All organisms diverge in their size, appearance, physiology, and nutrient requirements. Instructions for an organism to live, reproduce and diverge from other organisms lay in its genome.
The genome is the complete, unique set of genetic material that an organism has. A recent study tells us that even the human genome of identical twins differs by 5.2 mutations on average.
In any environment on the Earth, there are millions and billions of unique individual organisms, with each organism having unique microbial genomes.
On the other hand, the word metagenome describes all the genomes in a sample from any environment.
To summarize, a genome is an individual organism’s genetic makeup and a metagenome is a collection of genomes from many individuals within an environment and/or sample.
What is metagenomics?
Metagenomics is the study of the metagenome, the complete set of genomes in a sample. The term metagenomics usually refers to the genomes of bacteria in a sample but can also include other microorganisms such as viruses and fungi.
There are currently two major high throughput sequencing technologies used to do this; 16S rRNA gene sequencing and whole genome shotgun sequencing (WGS).
16S rRNA gene sequencing was invented by Carl Woese and George Fox and led to the ability to accurately identify the bacteria composing the metagenome of a sample. 16S rRNA gene sequencing depends on amplification of the 16S rRNA gene, which all bacteria have and contains conserved and hypervariable regions. Primer sets are designed to anneal to the conserved regions and amplify the variable regions. In this way, the 16S rRNA gene is amplified from all bacteria and the variable region can be used to identify which specific bacteria is present.
WGS however, does not rely on amplification of a specific gene and instead sequences all genetic material present in a sample. Therefore, this method is not specific to bacteria and will amplify viruses, fungi, protists, and host DNA. Because it does not rely on amplification or specific primer sets, this method is less biased than 16S sequencing. It also allows accurate identification of the organisms down to the species and strain levels along with prediction of their functional capacity based on genes present in the sample.
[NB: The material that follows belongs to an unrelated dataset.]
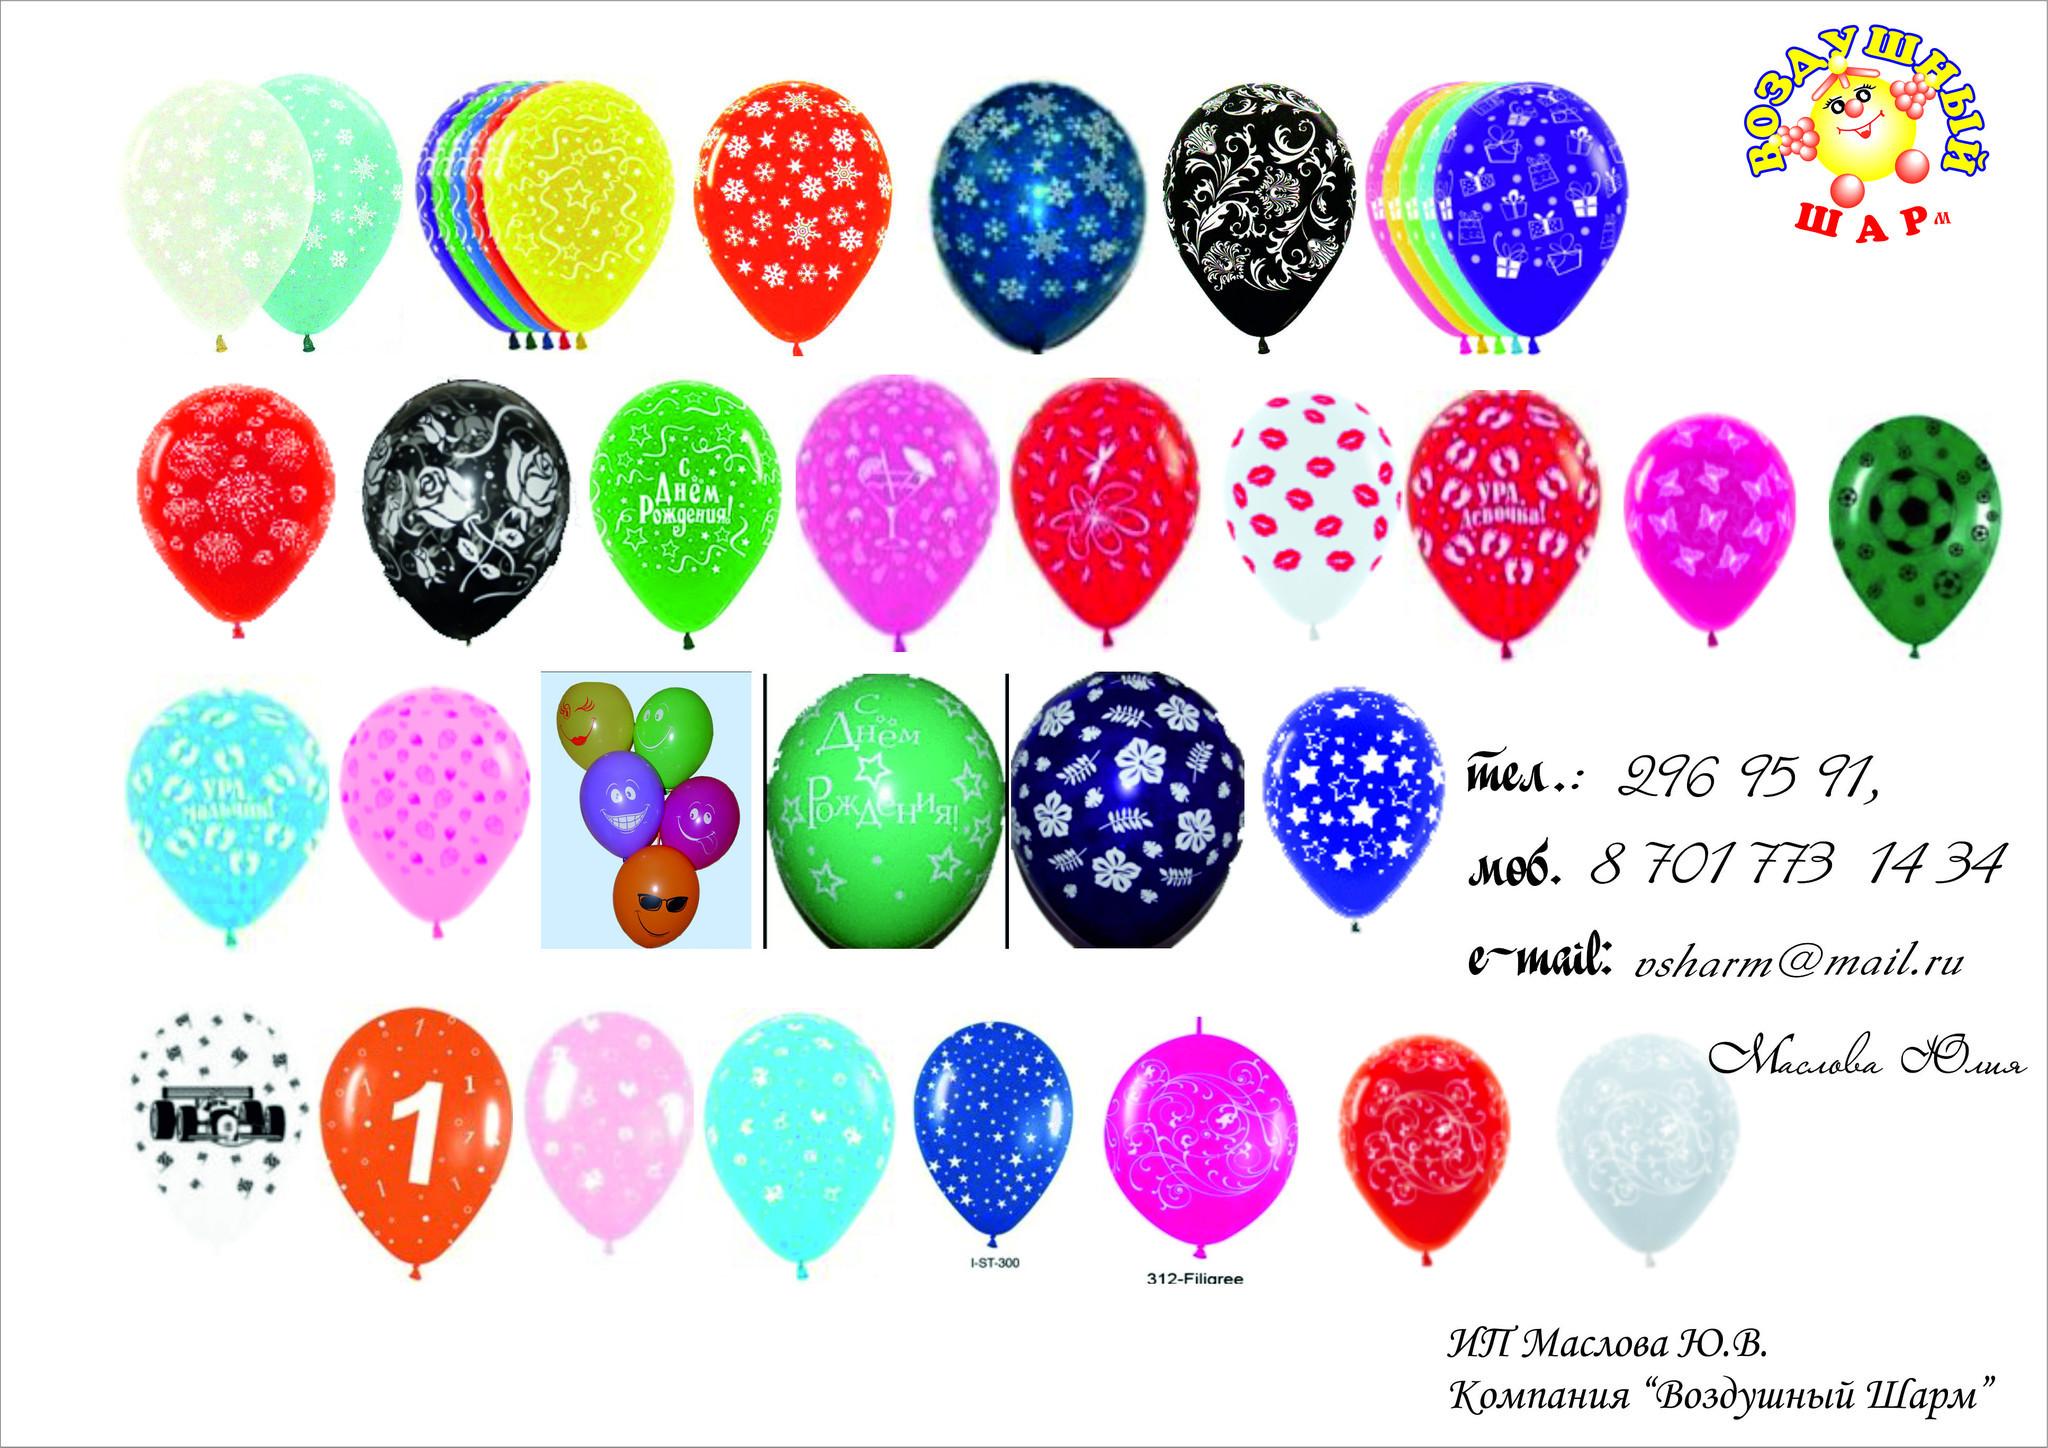 шары с рисунком Алматы.jpg

What is the difference between genomics and metagenomics?
The main difference between genomics and metagenomics is the number of organisms evaluated in an assay or sample. Genomics studies the genome of a single organism while metagenomics studies the collection of different organisms’ genomes within a sample.
What is a metagenome assembled genome?
A metagenome assembled genome, or MAG, is a genome that was constructed from a metagenomic sample. In other words, from a sample containing many genomes, the genomes of individuals are pieced together. MAGs are often useful to shed light on non-culturable, novel, unannotated microbes in metagenomic data.
What makes metagenomic data different from traditional genome sequencing data?
On a broad scale, metagenomic data is produced from the sequencing of many individuals’ genomes simultaneously, whereas traditional genome sequencing data is produced by sequencing one individual’s genome at a time. Practically, this means that communities of bacteria, whether from the environment or living on other organisms, can be sequenced and identified. This is important in elucidating their roles in disease and environmental functions. It can also reveal interactions between organisms living within a community as well as the impact of the environment on the community of organisms. Studying these factors is not possible when examining a single genome.
What are the advantages of metagenome sequencing?
Metagenome sequencing offers many advantages over single genome sequencing. These include:
- Illuminating functional genes, as antimicrobial resistance or virulence genes, present in the community
- Identifying genes involved in metabolic pathways and how they may be changing
- Studying highly diverged microbes, like viruses, or unannotated, novel or unculturable organisms,
- Identifying microbes at strain and sub-strain level resolution,
- Discovering novel taxa, functional pathways and genes,
- Comparing microbial composition and diversity between samples,
- Performing cross-kingdom microbiome analysis, including all domains of life.
Metagenomic sequencing is a recent, cutting edge technology that allows studying all genomes present in a sample. It can identify the microbial composition in a fermented drink or the microbial metabolic functions present in the human gut during disease. Name an environment and metagenomics would capture all genomes present in its sample, even the genomes of organisms which are yet to be discovered by science. Metagenomic sequencing has the potential to produce novel data that help us understand microorganisms on a community level, leading to new discoveries that may enhance everything from healthcare to agriculture to climate science and beyond.